Greer was quick to point out that although she may have been the arresting officer in both situations, she was backed up by a terrific team. And she is not the only one who makes multiple arrests in a day.
“Officer Taco was also on that night, and other officers helped me with reports, and continue to investigate and move the cases through the courts,” she said. “It takes a team and I have a great team in the OPD.”
This was not her first stabbing or domestic. But going from one situation to another does require a different skill set. Greer said what most officers will tell you, “Domestics are one of the most dangerous calls you can go on.”
She explained, “I had to immediately prepare for the next scene. Once you arrive on the scene it’s not unusual for the person that calls in for help to turn on you. You have to go with your training and your gut instinct. You have to watch your back. At a domestic, you have to keep in mind that the victim has a connection and relationship with the suspect. If you walk into a fight, you have to calm them down. Tempers are flaring and you don’t want to anger them further. They have had a negative experience, and you don’t know how they will react when you show up in uniform.”
Greer said, “You really have to look for signs. You want to help. Often times the victims are scared to speak, for fear of reprisal. So you assess the situation quickly and try to keep everyone calm. You cannot take anything personal. You can’t make assumptions and you can’t be partial. You look at the facts. You tell the court what you witnessed and explain how you came to the conclusion regarding the charges that were ultimately issued.”
And Greer is quick to point out that a criminal investigation is not done when a suspect is arrested.
“While you are going through the court system you are continuously gathering information,” she explained. “Witnesses can come forth at any time. You never stop investigating till it is settled in court. And, of course, cases can be reopened or more information can surface at a later time.

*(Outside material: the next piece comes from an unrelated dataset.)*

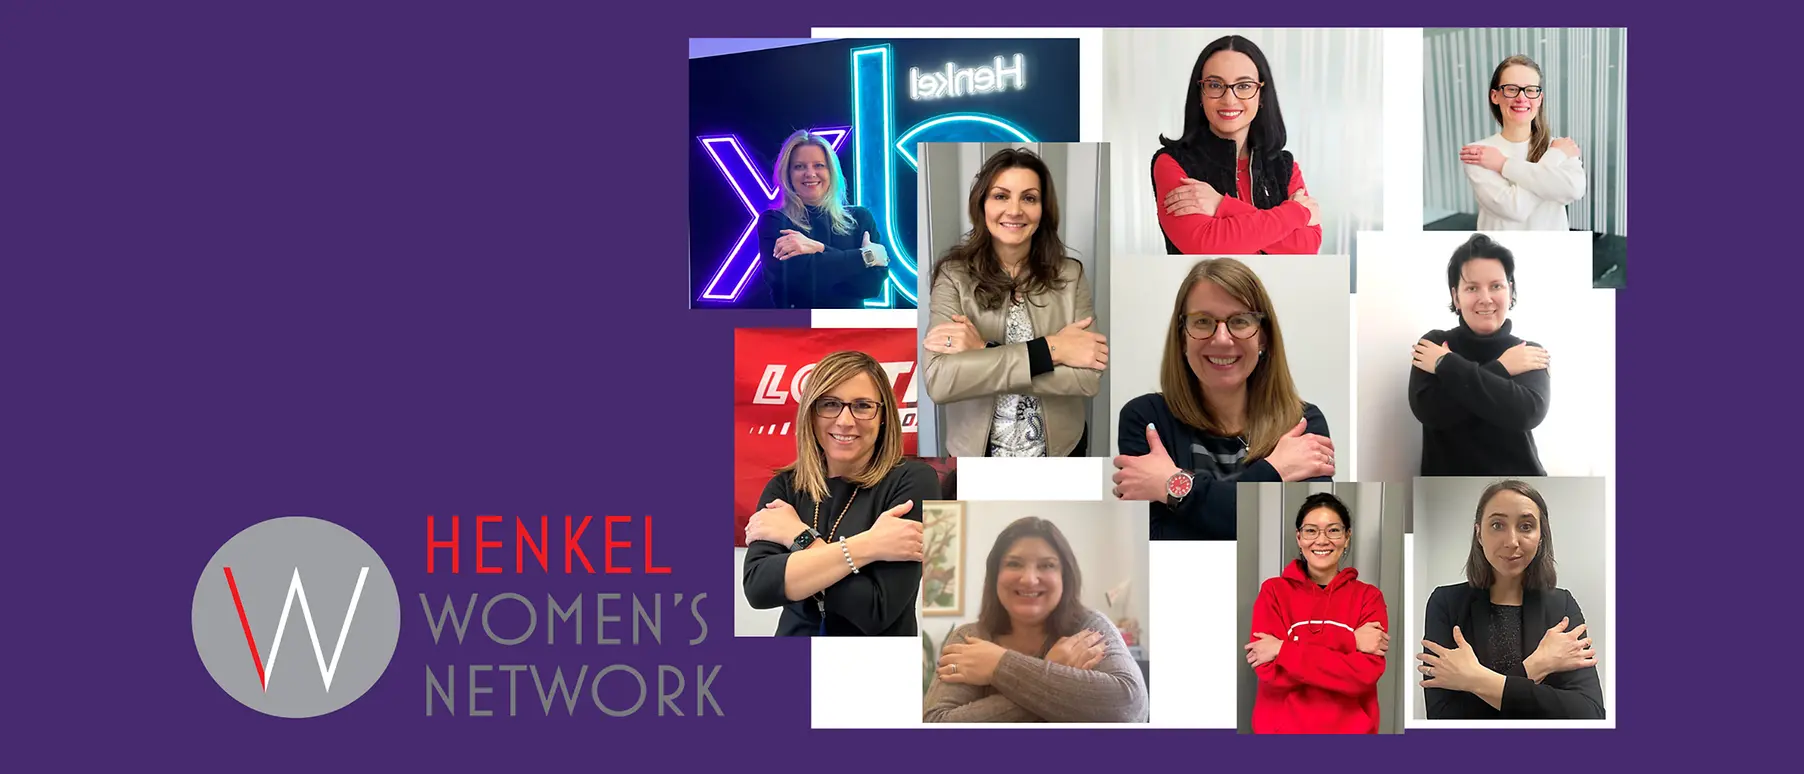 Henkel Women’s Network

Ultimately you want both parties to be heard and justice served.”
Greer is all about justice, the rights of people, and making the world a better place, but she also wants people to know she does have a life beyond being a police officer.
Although her full-time job still requires a uniform, she does perform security for Herr Foods, but she also gets to enjoy another love—dogs. She does pet-sitting on the side and has a dog of her own.
“I do have one spoiled-rotten fur baby at home named Cieli Mae, (pronounced Seely Mae) a chubby Boston Terrier,” Greer said. “I hope people don’t see me as just a serious police officer. I have another side to me. I want to do good in this world.”
She does befriend a lot of pups when she is out patrolling and some of the regulars may be waiting for a biscuit from her.
Some people do occasionally hear music coming from the patrol car when she and other officers try to lighten the mood by playing seasonal music over car speakers. 
“It does happen during Trick-or-Treat patrol and our annual Christmas Eve morning Toy Giveaway for borough children who come outside their homes. There's just something mood lifting about an officer swaying to "Ghostbuster's" or "Here Comes Santa Claus" to get a giggle from the little ones! I also have the honor and privilege to be the department speaker/presenter for our schools' ‘Anti Bully’ and ‘Anti-Drug’ assemblies and Career Day. These are events close to my heart because those children are going to be our future soon and I love to help instill positivity and encouragement. Events like that can only benefit our community. As you can tell, my job keeps me very busy, but I have a great group of co-workers/mentors alongside me who constantly encourage and make me only want to continually do better for myself and my community, just like they do.”